* **WHAT IS NEEDED**
Restate the data below word for word. Skip any images it contains.

START DATA BELOW

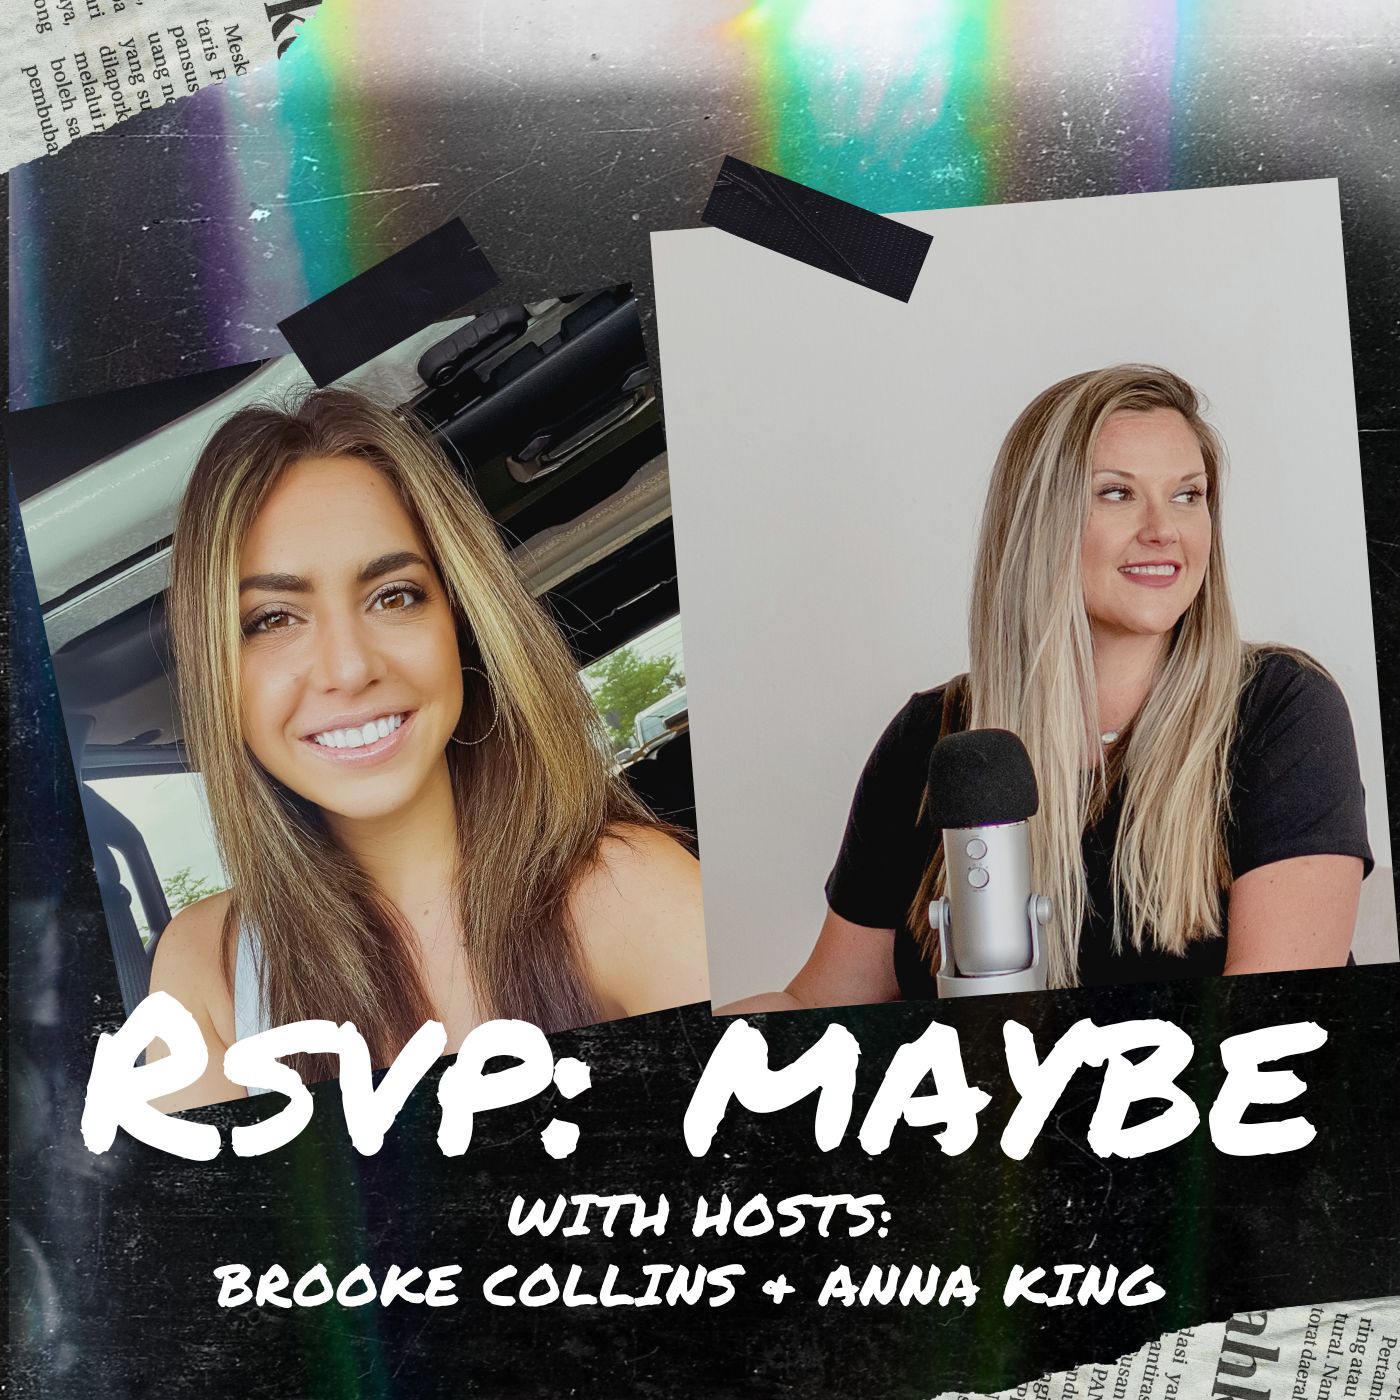 Welcome to the RSVP: Maybe Podcast
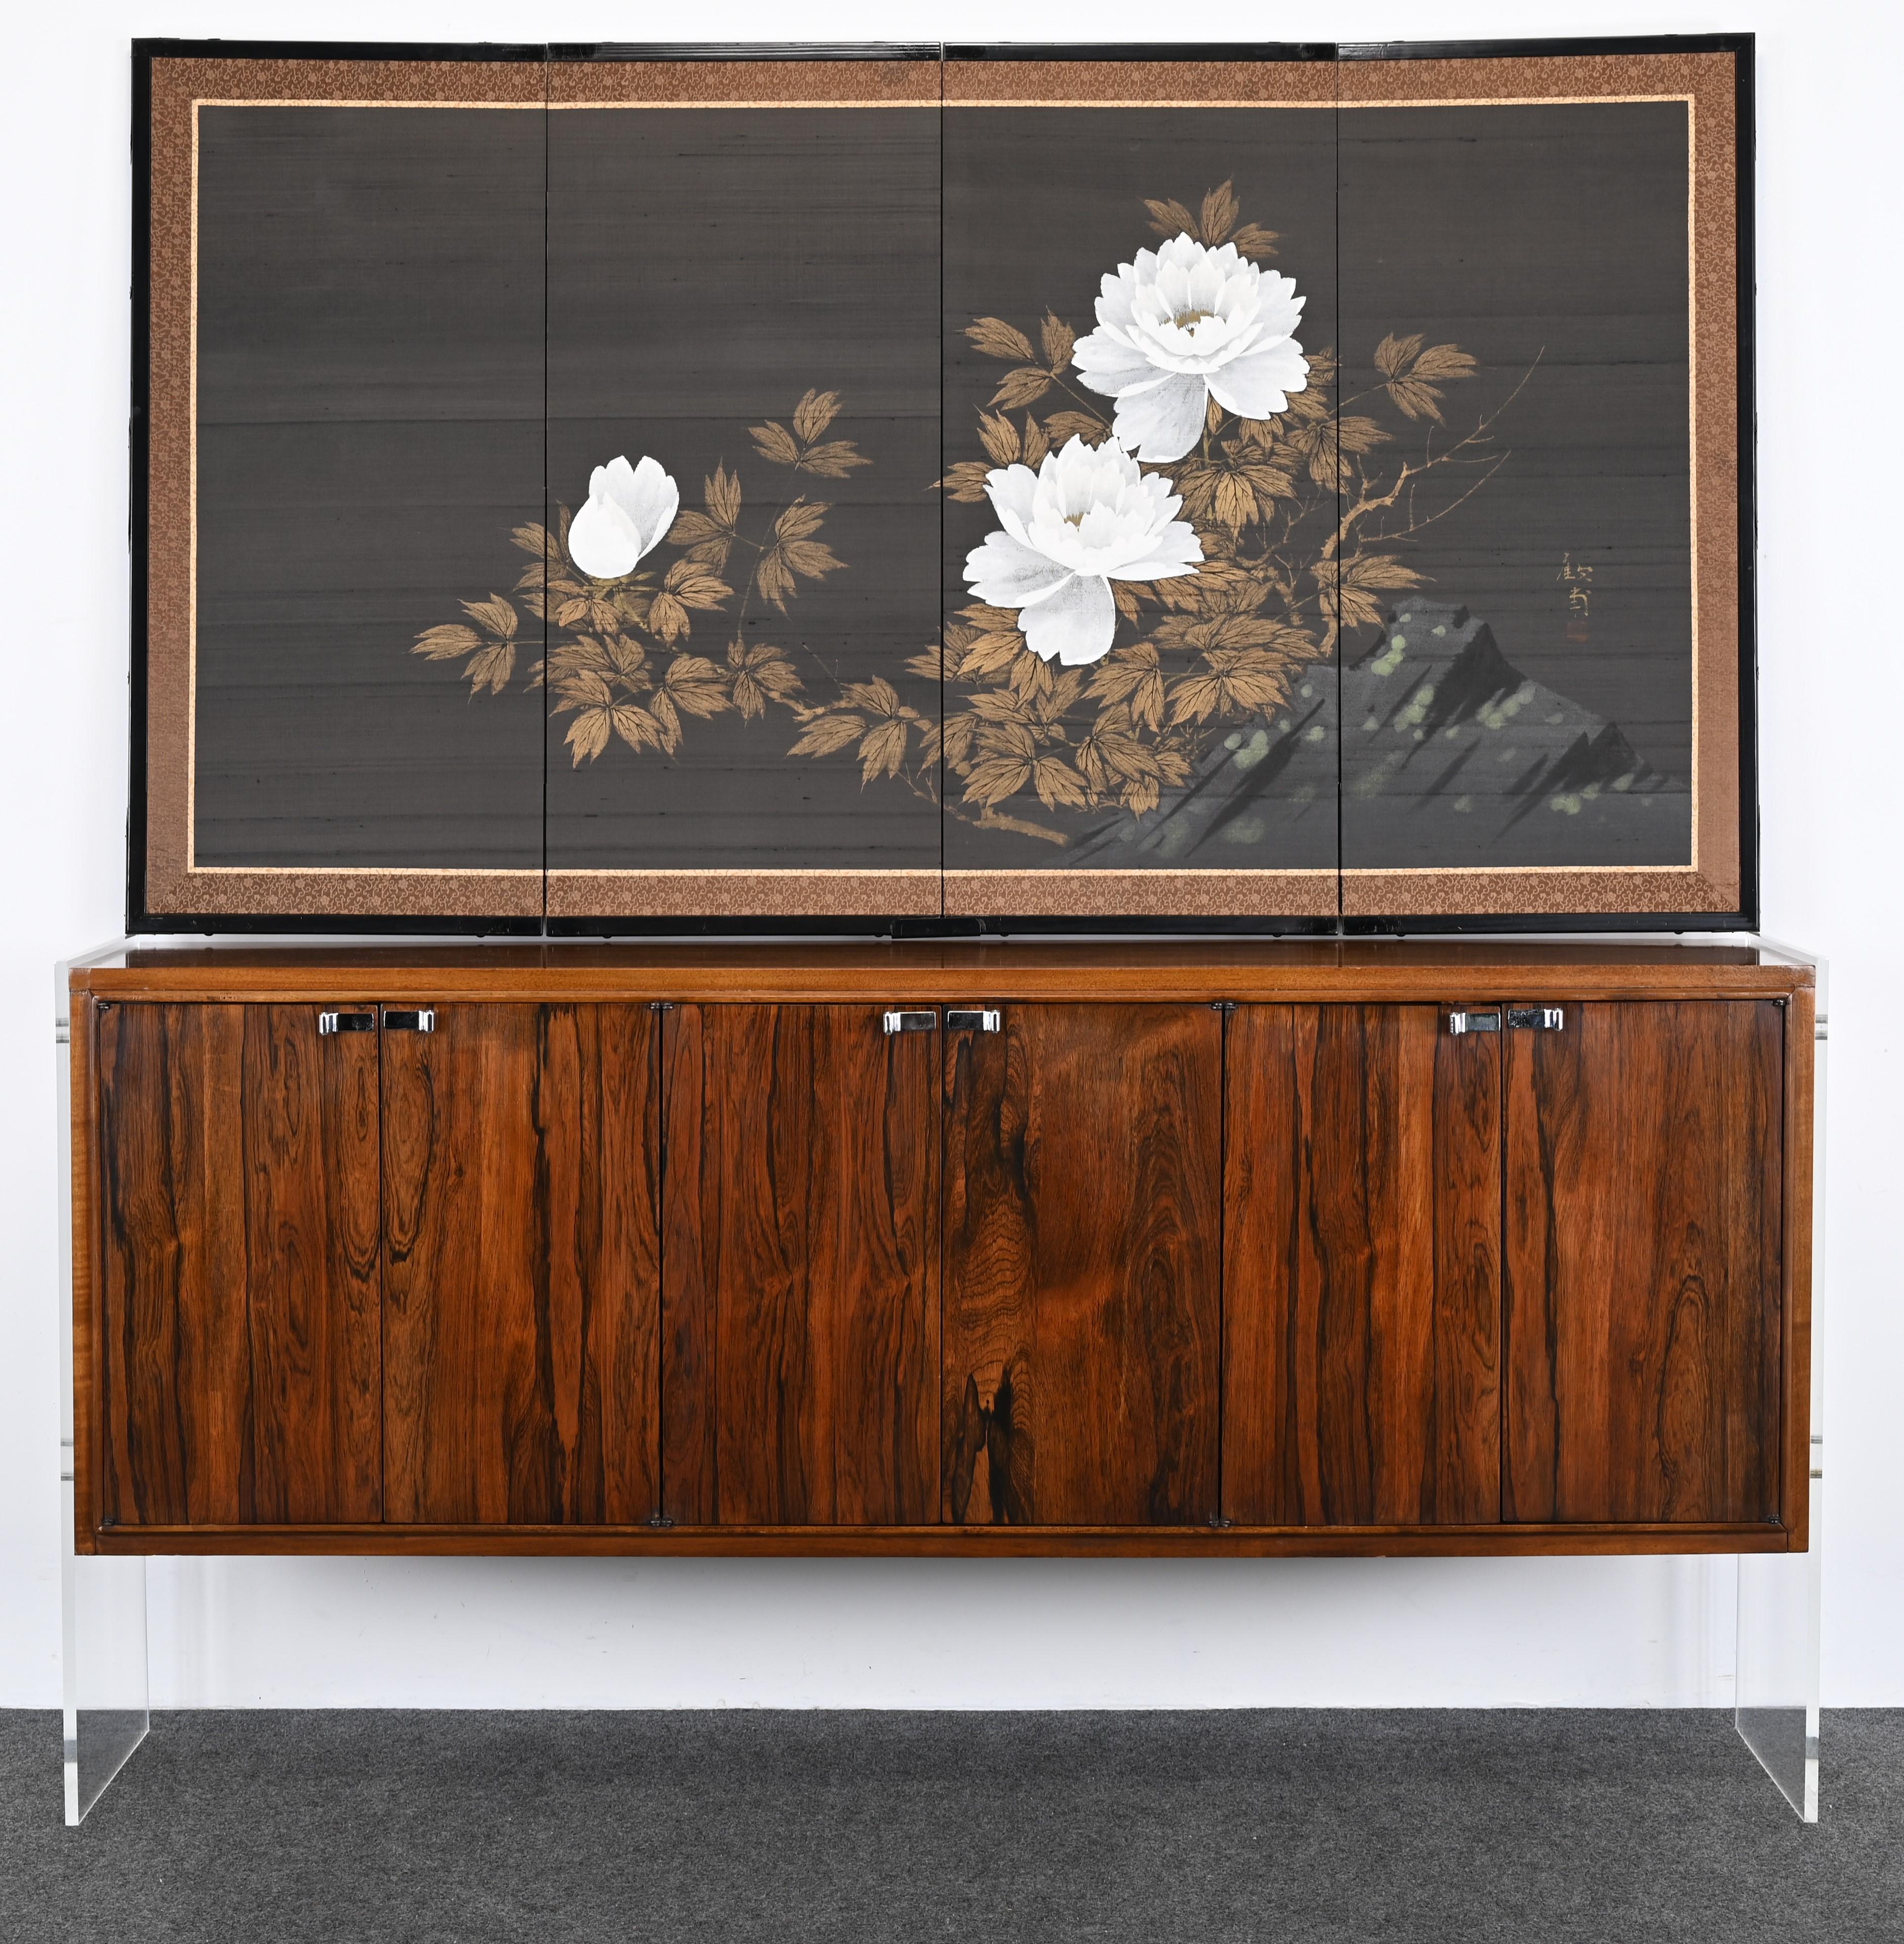 A beautiful Asian 4-panel screen with white lotus flowers, gold decoration, and mountains on silk. Has signature but not able to decipher artist or origin. Most likely Asian, Chinese, or Japanese. Appears to date from the mid-20th Century. Some
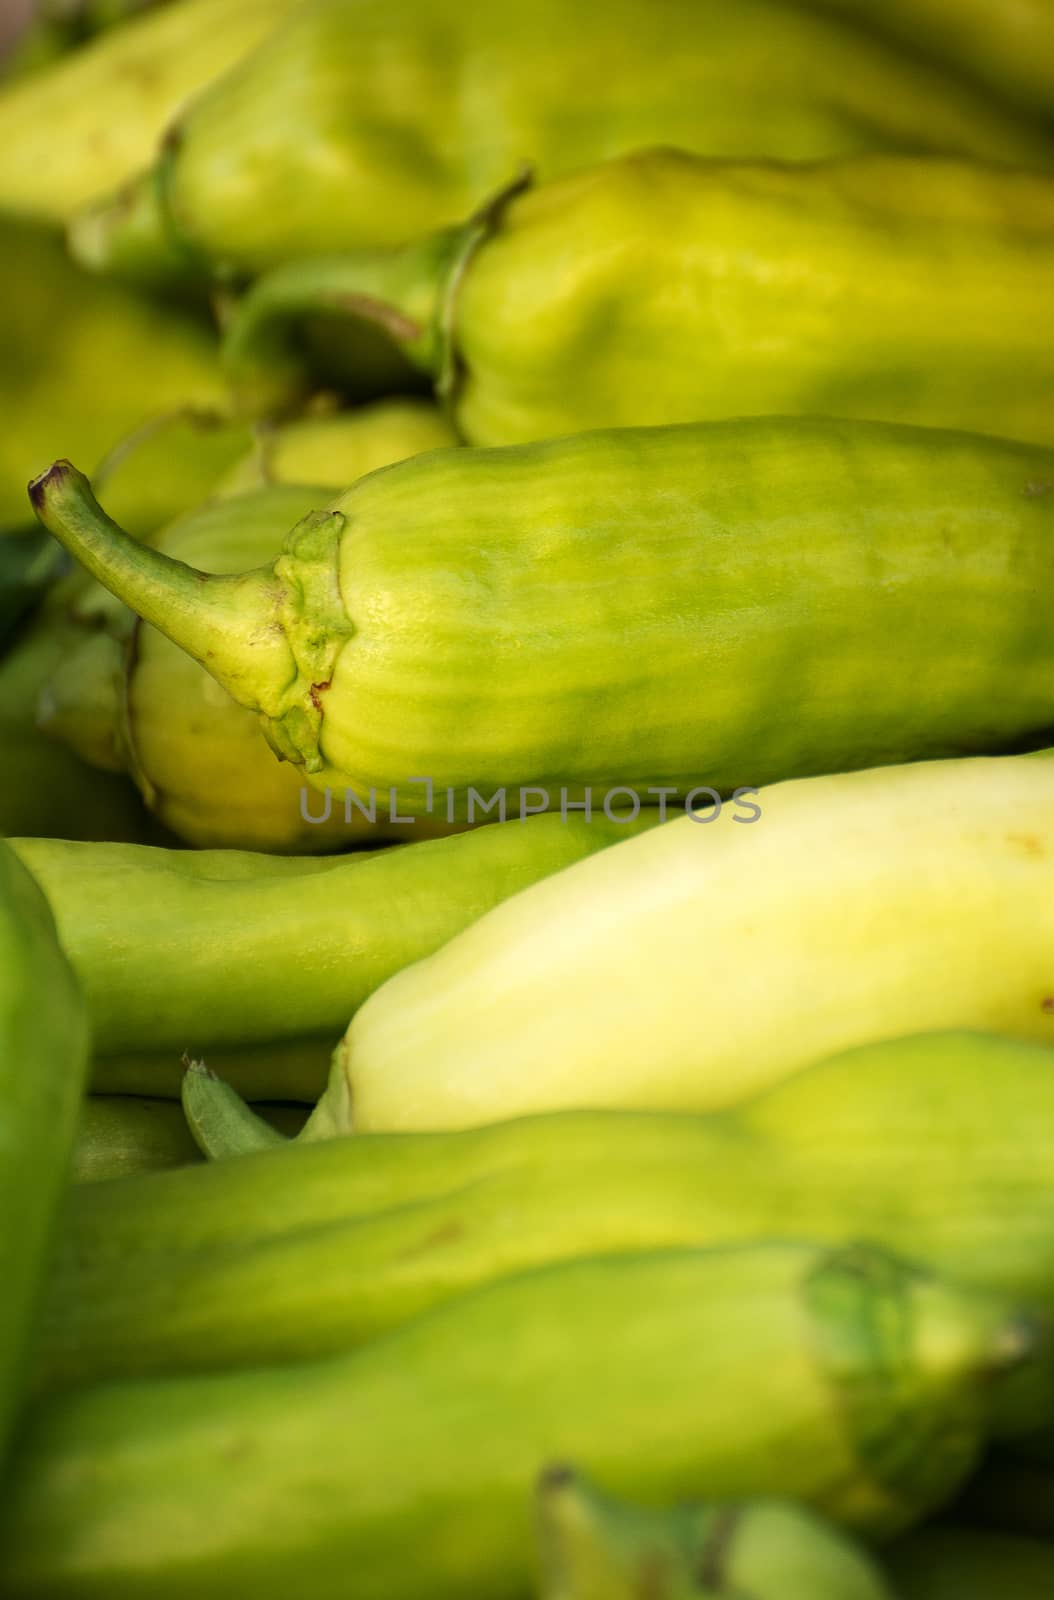 Green banana peppers on the market. by dmitrimaruta
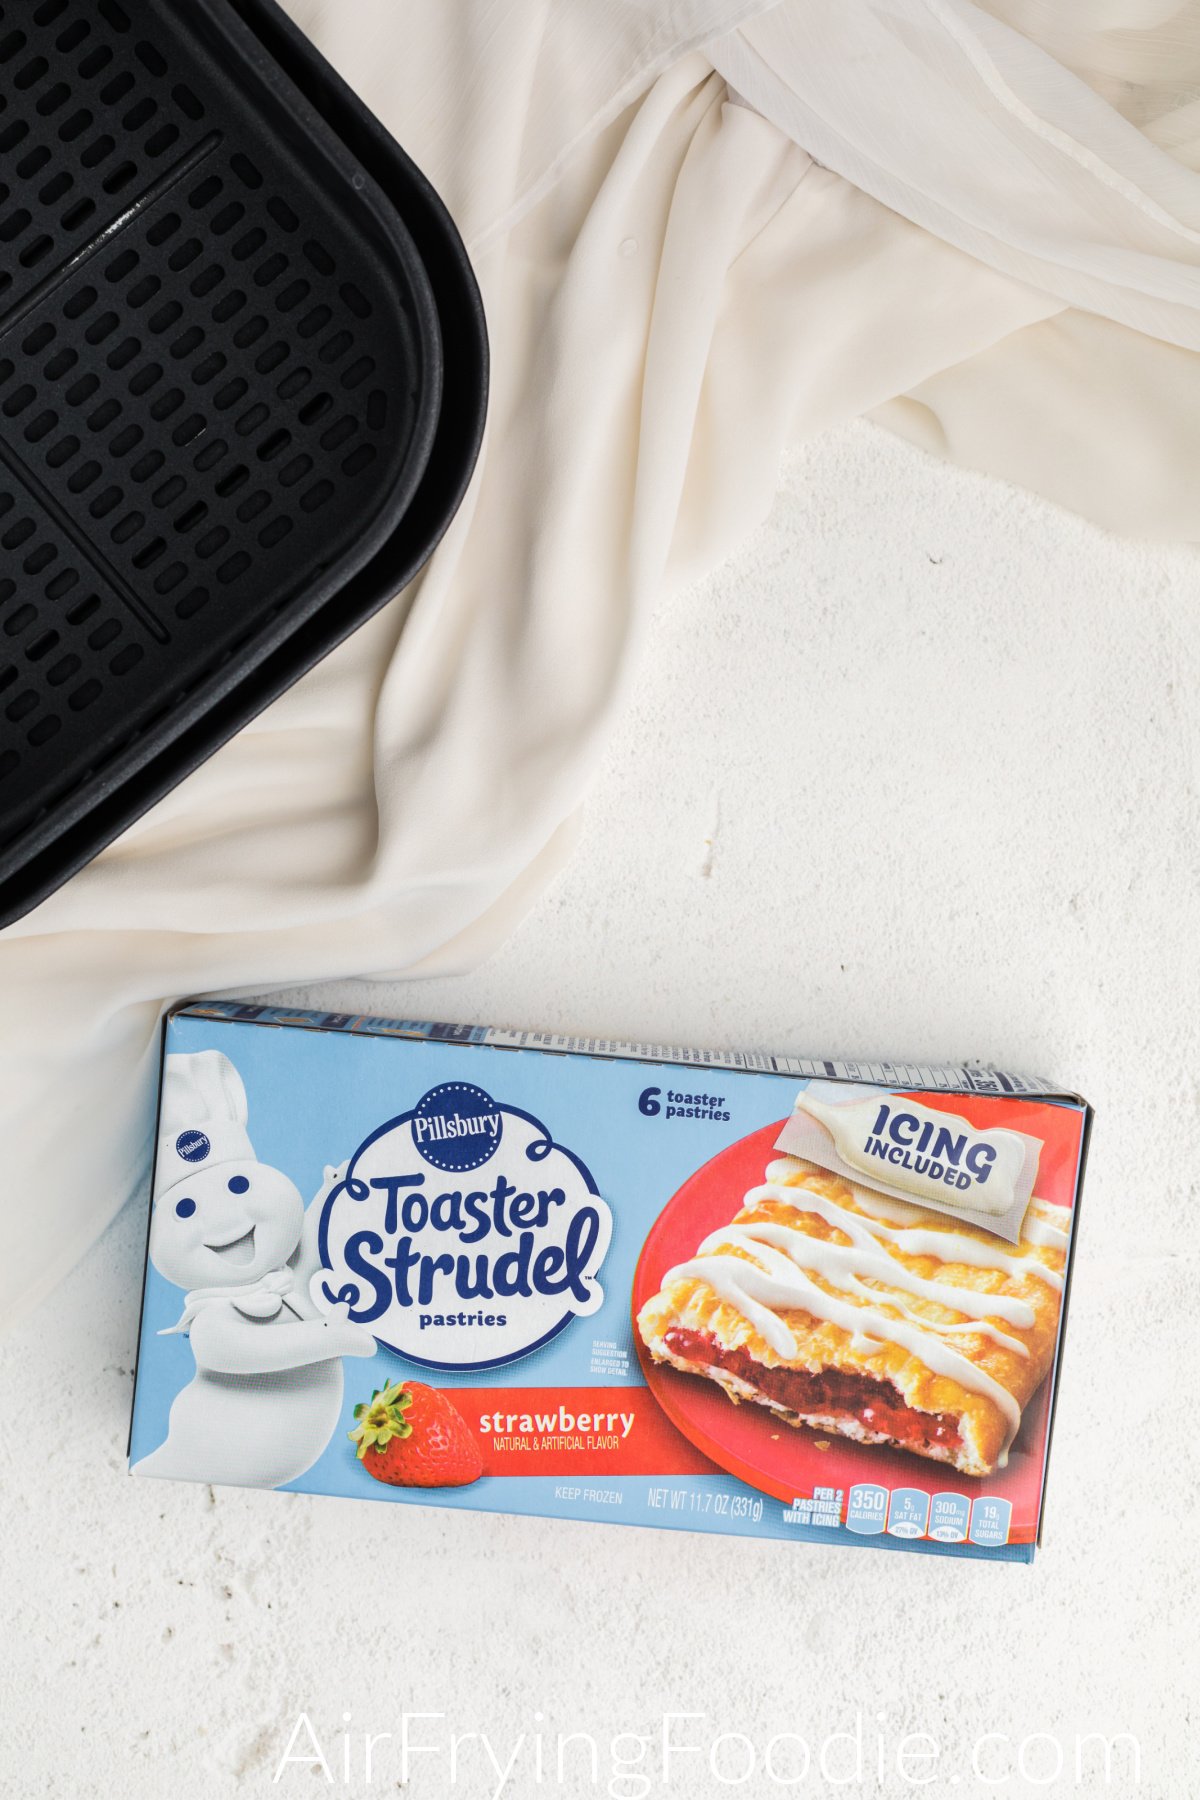 Air fryer basket and Pillsbury toaster strudel in a box, ready to cook.

END DATA BELOW

* **TASK ANSWER**
 Welcome to the RSVP: Maybe Podcast
 A beautiful Asian 4-panel screen with white lotus flowers, gold decoration, and mountains on silk. Has signature but not able to decipher artist or origin. Most likely Asian, Chinese, or Japanese. Appears to date from the mid-20th Century. Some
 Green banana peppers on the market. by dmitrimaruta
 Air fryer basket and Pillsbury toaster strudel in a box, ready to cook.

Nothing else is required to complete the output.